____ Source material

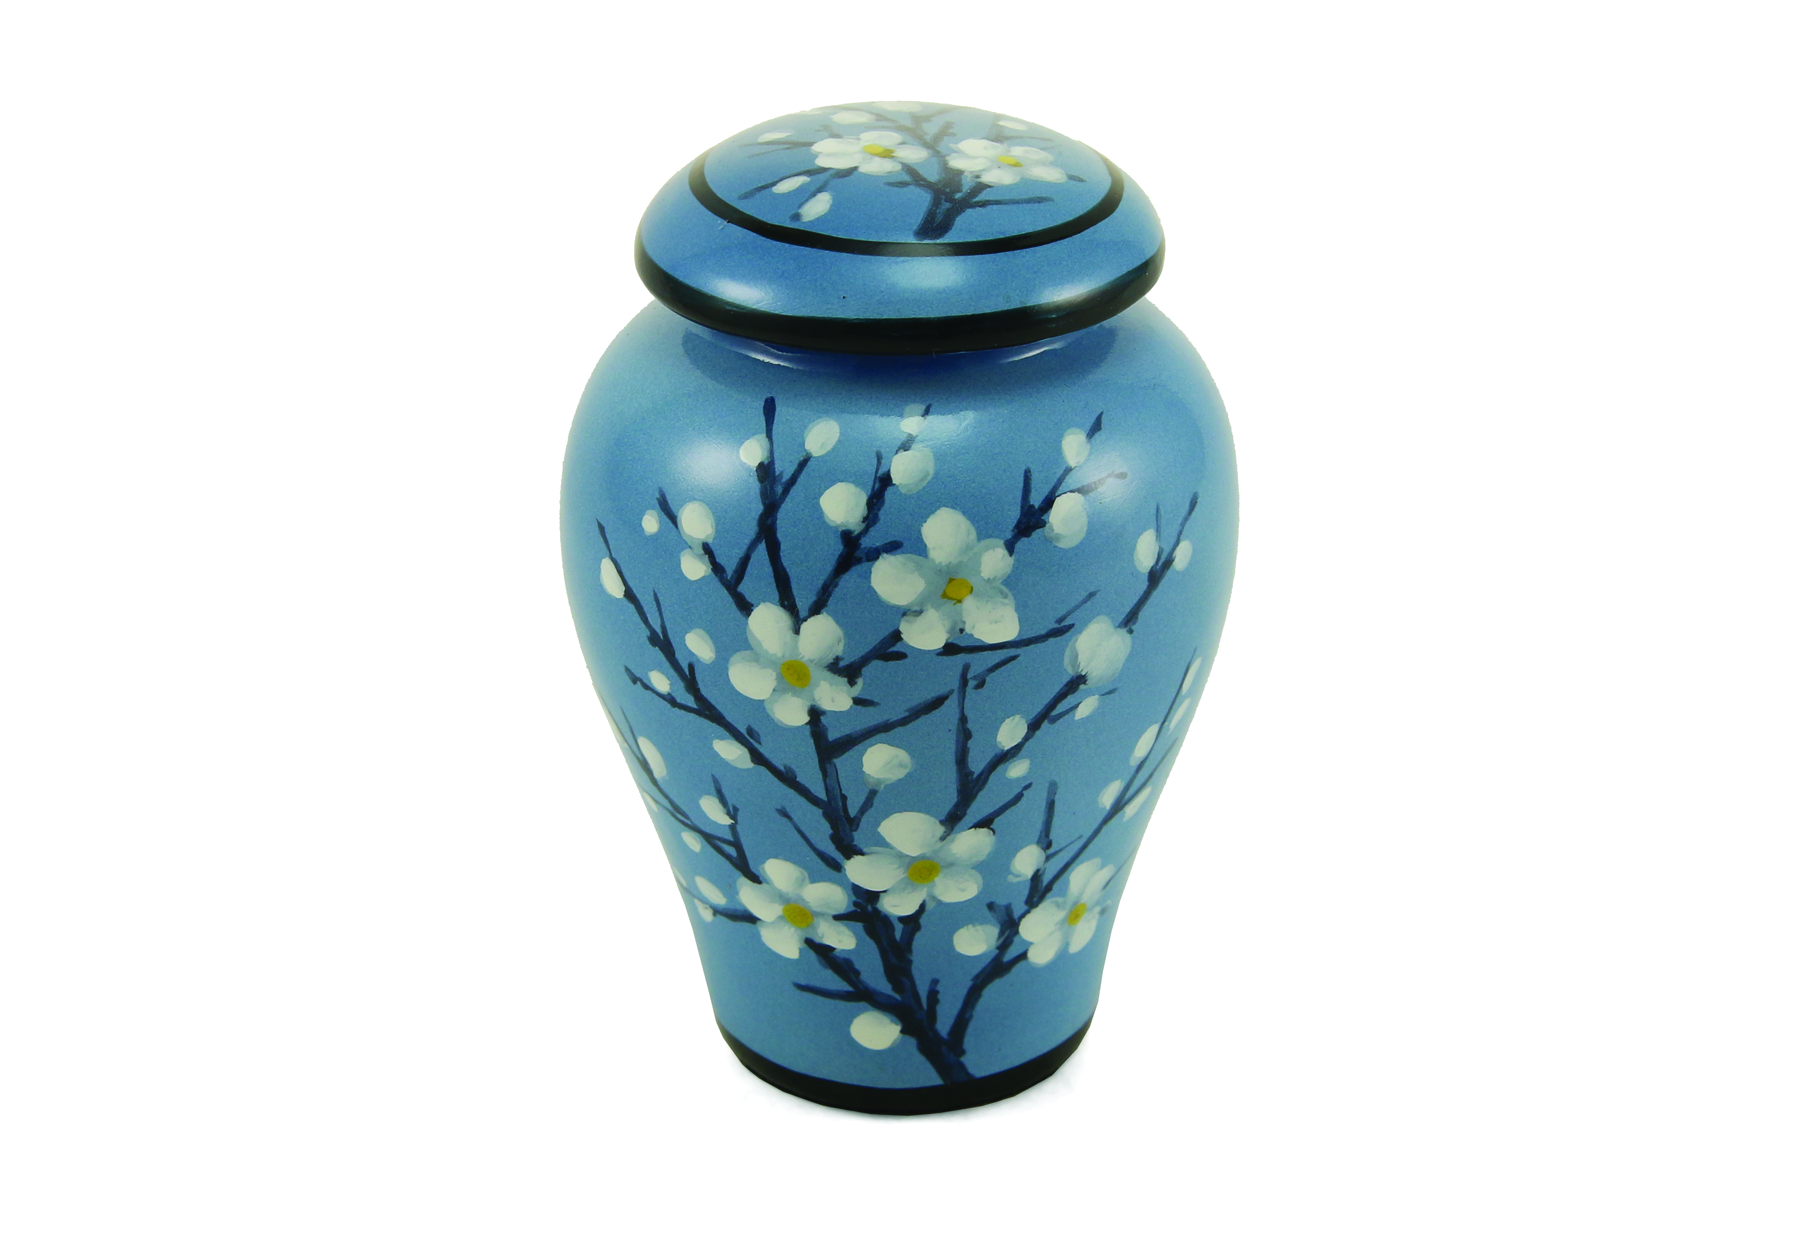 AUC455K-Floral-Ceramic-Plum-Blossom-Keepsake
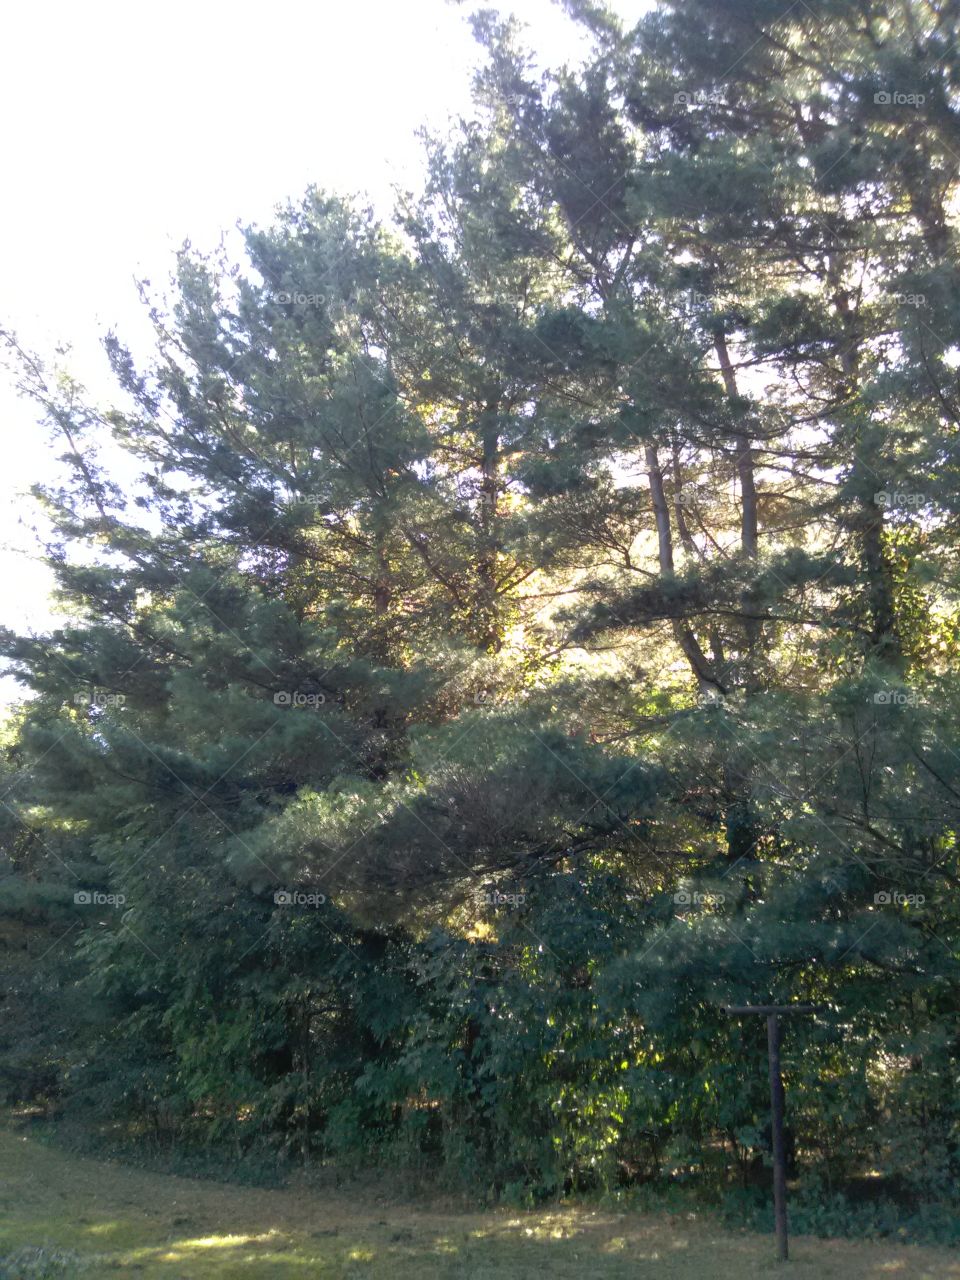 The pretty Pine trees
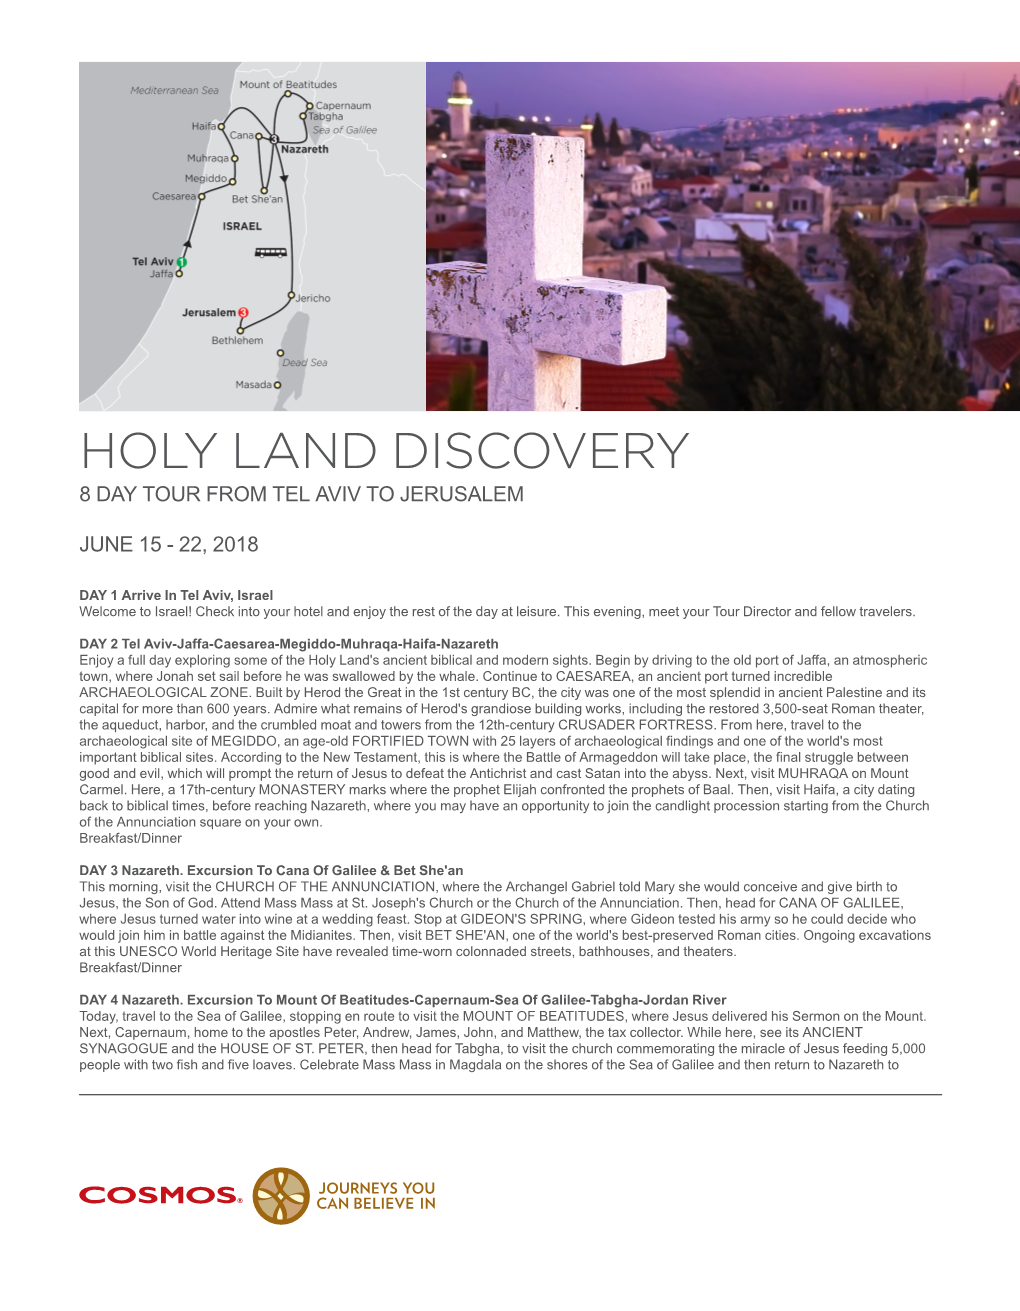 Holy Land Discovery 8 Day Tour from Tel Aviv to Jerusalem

________

Repeat every line of the data above exactly, but drop the pictures.

 AUC455K-Floral-Ceramic-Plum-Blossom-Keepsake
 The pretty Pine trees
 Holy Land Discovery 8 Day Tour from Tel Aviv to Jerusalem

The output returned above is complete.